The complexity of the MC problem is greatly reduced by taking into account as few variables as possible. Therefore, the motion controller only needs to determine F xd, F yd, and M zd for the vehicular planar motion. The range of the control efforts should be properly defined such that the tire forces can be distributed within the tire adhesive limits, as shown in Fig. 2. However, as for a conventional vehicle, the longitudinal and lateral tire forces of the four wheels are internally coupled with respect to the mechanisms like steering linkage, transmission, and differential, etc. The explicit constraint of these efforts is hard to determine and the electronic control systems may not be able to achieve the resultant forces and moment. According to HATTORI et al. [26], the constraint between the resultant forces and moment of the full drive-by-wire vehicle is modeled as the convex set, expressed as

$${{\sqrt {F_{{x{\text{d}}}}^{2} + F_{{y{\text{d}}}}^{2} + W_{\text{r}}^{2} M_{{z{\text{d}}}}^{2} } } \mathord{\left/ {\vphantom {{\sqrt {F_{{x{\text{d}}}}^{2} + F_{{y{\text{d}}}}^{2} + W_{\text{r}}^{2} M_{{z{\text{d}}}}^{2} } } {\left( {mg\mu } \right)}}} \right. \kern-0pt} {\left( {mg\mu } \right)}} \le \lambda_{{{\text{v}},\hbox{max} }} < 1,$$
(3)

where g is the gravitational constant (9.8 m/s2); μ is the friction coefficient; W r is the constant weight balancing forces and moment, which in Ref. [2] is chosen as the reciprocal of the typical length between the wheel and the cog; the factor λ v,max is introduced to describe the upper bound of the total workload of the four tires.

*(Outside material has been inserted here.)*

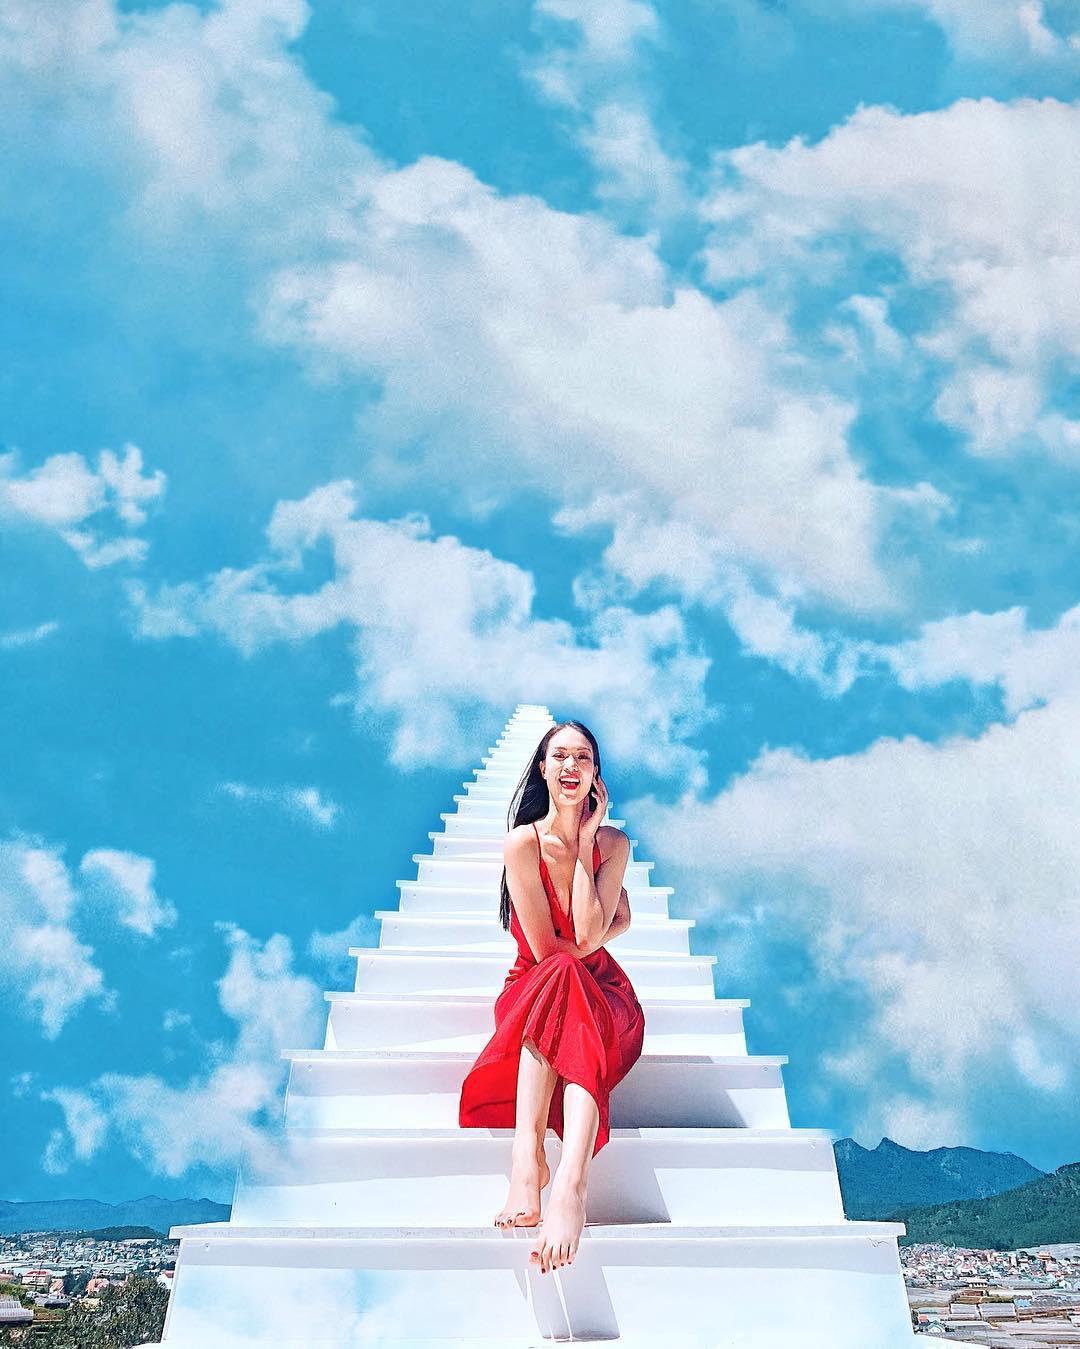 """Nấc thang lên thiên đường: Xuất hiện lần đầu bỗng chốc thành hot trend, nhưng được """"remake"""" quá nhiều lần thì có nhàm không? - Ảnh 4."""

For a full drive-by-wire vehicle, λ v,max can be regarded as a constant value during the control interval and is set to 0.95 in this paper.

Fig. 2
figure 2

Range of the motion control efforts by taking the tire adhesive limits into consideration

The nonlinear vehicle dynamics can be expressed in the following compact form:

$${{\varvec{x}}^{{\prime}}_{\text{c}}} \left( {s_{\text{d}} } \right) = f_{\text{c}}^{{s_{\text{d}} }} \left( {{\varvec{x}}_{\text{c}} \left( {s_{\text{d}} } \right),{\varvec{u}}_{\text{c}} \left( {s_{\text{d}} } \right)} \right),$$
(4)

where the subscript of (·)c denotes the control-related variables here and hereinafter; the state vector x c and the input vector u c are given by:

$$\begin{aligned} {\varvec{x}}_{\text{c}} & = \left( {\begin{array}{*{20}c} {V_{x} } & {V_{y} } & {\dot{\psi }} & {e_{\psi } } & {e_{y} } \\ \end{array} } \right)^{\text{T}} , \\ {\varvec{u}}_{\text{c}} & = \left( {\begin{array}{*{20}c} {F_{{x{\text{d}}}} } & {F_{{y{\text{d}}}} } & {M_{{z{\text{d}}}} } \\ \end{array} } \right)^{\text{T}} . \\ \end{aligned}$$
(5)

By using the Euler method, the spatial vehicle dynamics model is discretized at the sampling point \(s_{\text{d}}^{ * }\) with the fixed sampling distance ds d, given by

$${\varvec{x}}_{\text{c}} \left( {s_{\text{d}}^{ * } + {\rm d}s_{\text{d}} } \right) = f_{\text{cd}}^{{s_{\text{d}} }} \left( {{\varvec{x}}_{\text{c}} \left( {s_{\text{d}}^{ * } } \right),{\varvec{u}}_{\text{c}} \left( {s_{\text{d}}^{ * } } \right)} \right).$$
(6)

Also, we denote by Δ u c the control input increment computed at the sampling point \(s_{\text{d}}^{ * }\):

$${\rm \Delta} {\varvec{u}}_{\text{c}} \left( {s_{\text{d}}^{ * } } \right) = {\varvec{u}}_{\text{c}} \left( {s_{\text{d}}^{ * } } \right) - {\varvec{u}}_{\text{c}} \left( {t - T_{\text{s}} } \right),$$
(7)

where u c(t − T s) is the applied control input at the last sampling time.

3 Controller Design

A NMPC problem is formulated to achieve the optimal combined MC for the full drive-by-wire vehicles, in which the nonlinear prediction model is the above-mentioned spatial vehicle dynamics model. Also, a hierarchical control structure is proposed to improve the system’s real-time performance without sacrificing its tracking ability.

3.1 Spatial Model Predictive Controller

As shown in Fig. 3, the basis of the MPC method is to predict the evolution of the plant model over a finite horizon based on a sequence of future inputs in order to optimize the system cost under the given constraints with restricted preview.

Fig. 3
figure 3

Schematic of model predictive control

As for the spatial MPC (SMPC), the optimization variables are chosen as the state sequence ξ c and the input increments vector Δ U c with respect to the sampling points along the reference trajectory, given by Eqs. (8) and (9), respectively.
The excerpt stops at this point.